After all that effort sifting through content and navigating the online world, you wouldn’t blame us for wanting to disconnect. Sometimes we miss the old days where our options were limited — like when rental choices were limited to Blockbuster shelves. So we enter the world of travel to disconnect. We’ve decided that wellness and self care is the answer, and some days are just #treatyoself days. Once an exotic getaway for the discerning traveller, yoga retreats are becoming the norm.

#4 — Hungry for ‘more’.

On the flip side — before it burns us out, endless content has made us wanting more, more, more. We were used to having our options limited for us, now we’re learning to do it ourselves. But we aren’t always successful. So what is the ‘more’ we’re actually after? Being trapped in a vicious cycle of endless content is what we’re given — but is that what we want? Our thirst for the new is causing us to turn to travel more adventurously. We’re trying to disconnect and reboot — craving authenticity while finding our own adventures. We need to get away from the endless scrolling of our social media feeds. Which we look at — Every. Single. Day.

#5—Pocket-sized solutions.

We’re used to saying ‘there’s an app for that’. Whenever we face a problem, we whip out our phone to find a solution. Whether it’s bus tickets in Edinburgh or street art in Brooklyn. There’s usually an app to download so we can avoid traipsing around. No more wasting time to find a ticket machine or local guide to help us out. The digital world moves so quickly, we find ourselves needing to do the same.

#6 — Influencers everywhere.

Where you find a big public space like the internet, you’ll also find people with big opinions. Influencers have been around for a while now, but we’re still having trouble working out what’s real from their self-filtered lives. We all want to #liveourbestlife. But it’s also nice to be reminded of the realities of travel. Not everyone gets free hotel stays and sponsored trips. Sometimes we have to catch ourselves, that we too aren’t falling into the lure of the influencer lifestyle. But how do we strike that balance between inspiration, information and relatability?

#7 — Don’t own, borrow.

With technology allowing us to rent a place through Airbnb or a car through Uber, we find less need to own big ticket items. This sharing economy takes away the burden of ownership, allowing us to spend our hard earned cash on travel instead. No wonder we look for experiences over material things. We’ve become accustomed to the freedom from material things this technology-enabled sharing economy offers us.

#8 — Travel as a lifestyle.

Solo travel. Bleisure. Career break. Babymoon. Digital nomad. The list is endless, we just love any excuse to travel. No longer do we see travel as a rare occurrence — a trip to be planned and saved up for over months or years. No longer do we see ourselves purely as tourists. Travel is now an interwoven part of our millennial life. Our above ‘always-on’ relationship with technology has made it so. To the point that if one of our friends doesn’t have travel plans, we start to wonder what’s wrong with them.

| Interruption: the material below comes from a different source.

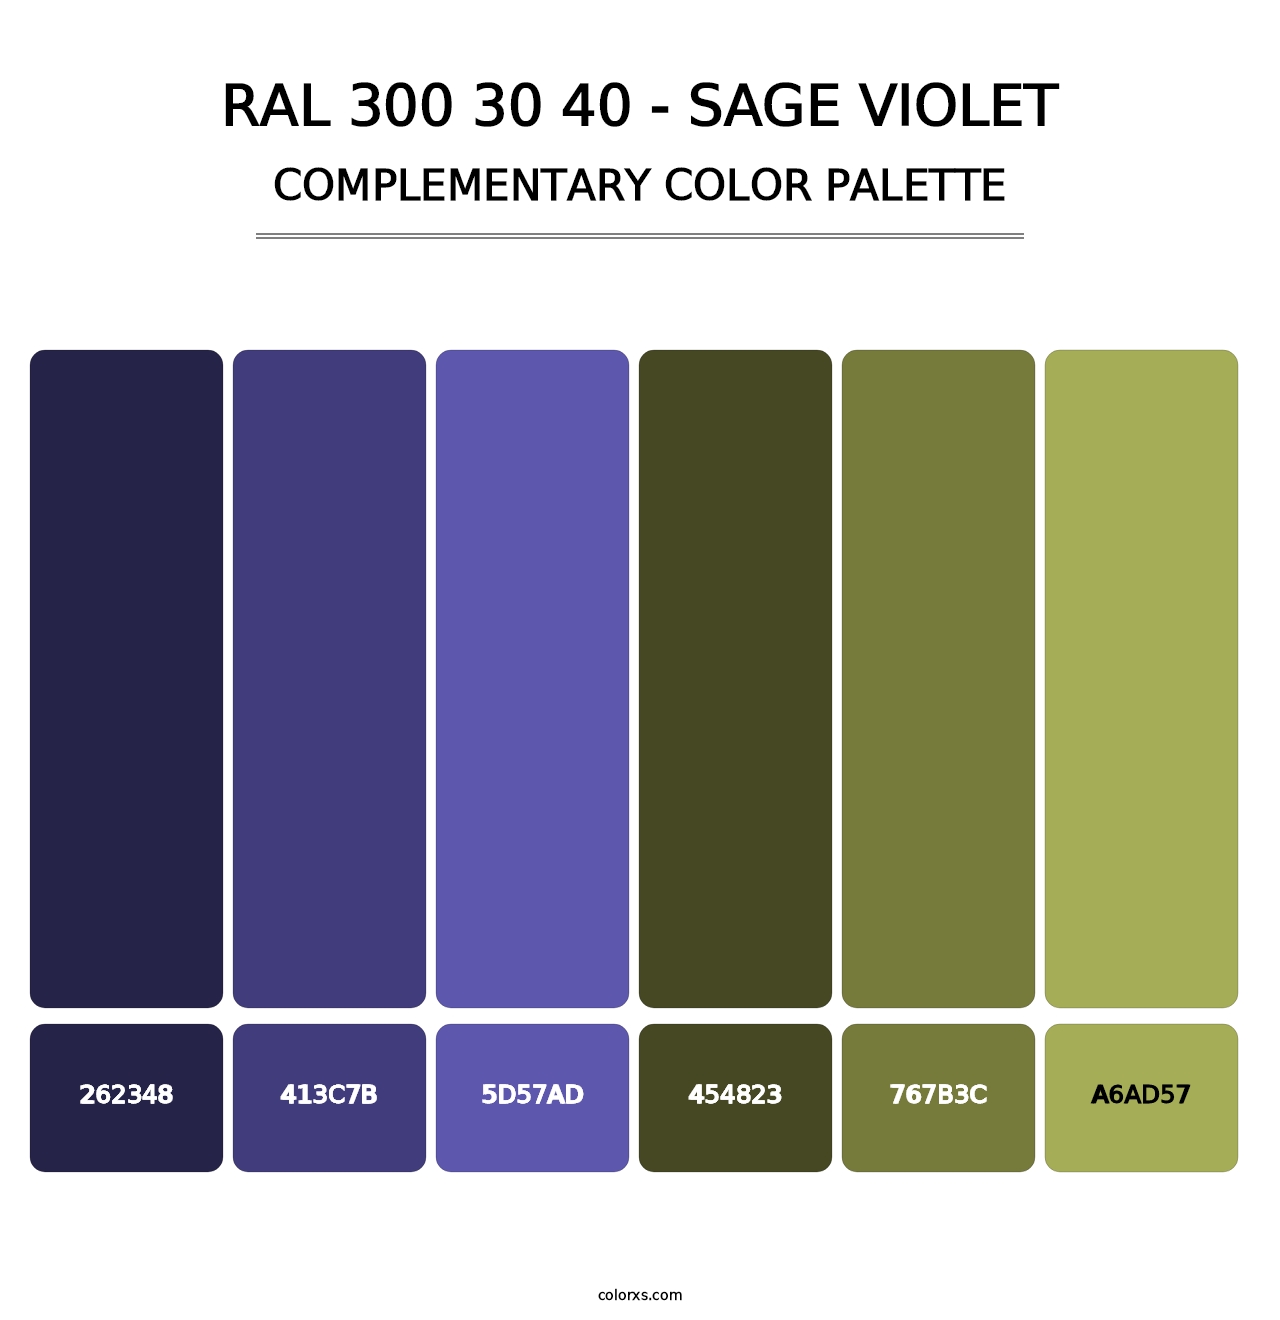 RAL 300 30 40 - Sage Violet - Complementary Color Palette
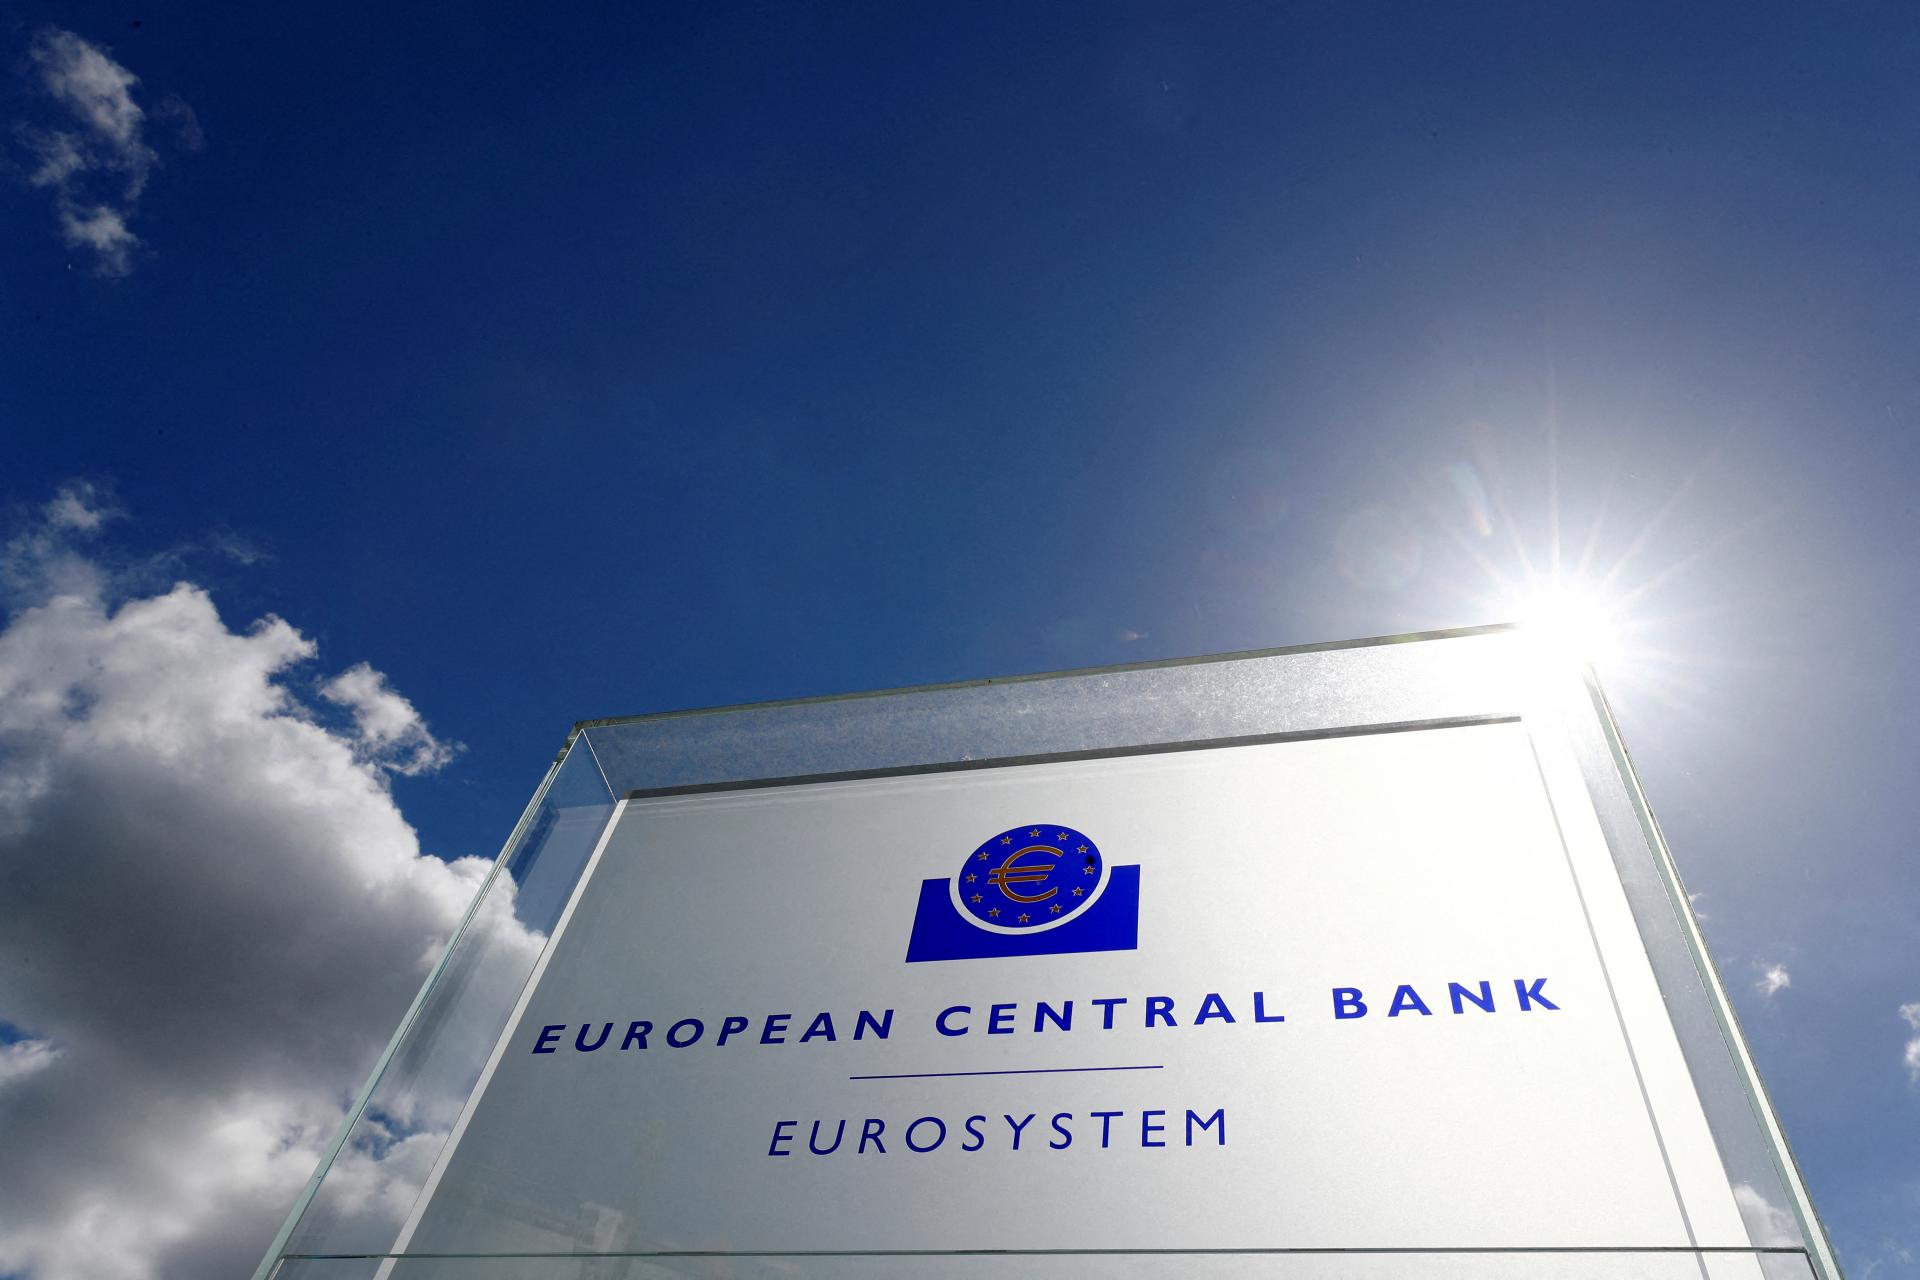 ECB zisťovala expozíciu bánk pod jej dohľadom voči Credit Suisse. Nevidí problémy ako systémové

Us millennials are often misunderstood by other generations. We say one thing in a survey but do another. Our behaviours are all over the place, supposedly. But in the end, it’s pretty simple. We’re still human beings grappling with rapid technological change.

Travel as an escape is still valid. As are all the other ways travel improves us as human beings — feeding our innate curiosity, helping us connect with others, coming back to our loved ones with tales to tell. It’s just hard to reach us in the messy digital world — and we even find it hard sometimes to navigate.

The millennial approach to travel is likely us just dealing with digital disruption. We’re the first generation who started to travel with technology. But in the fast moving digital world, everything happens in extremes. Unfathomable amounts of content, booking options, accomodation options, and hyper connectivity are all issues we face. So it’s worth putting serious thought into how we can cut through the noise and make modern travel better — for the digital generation.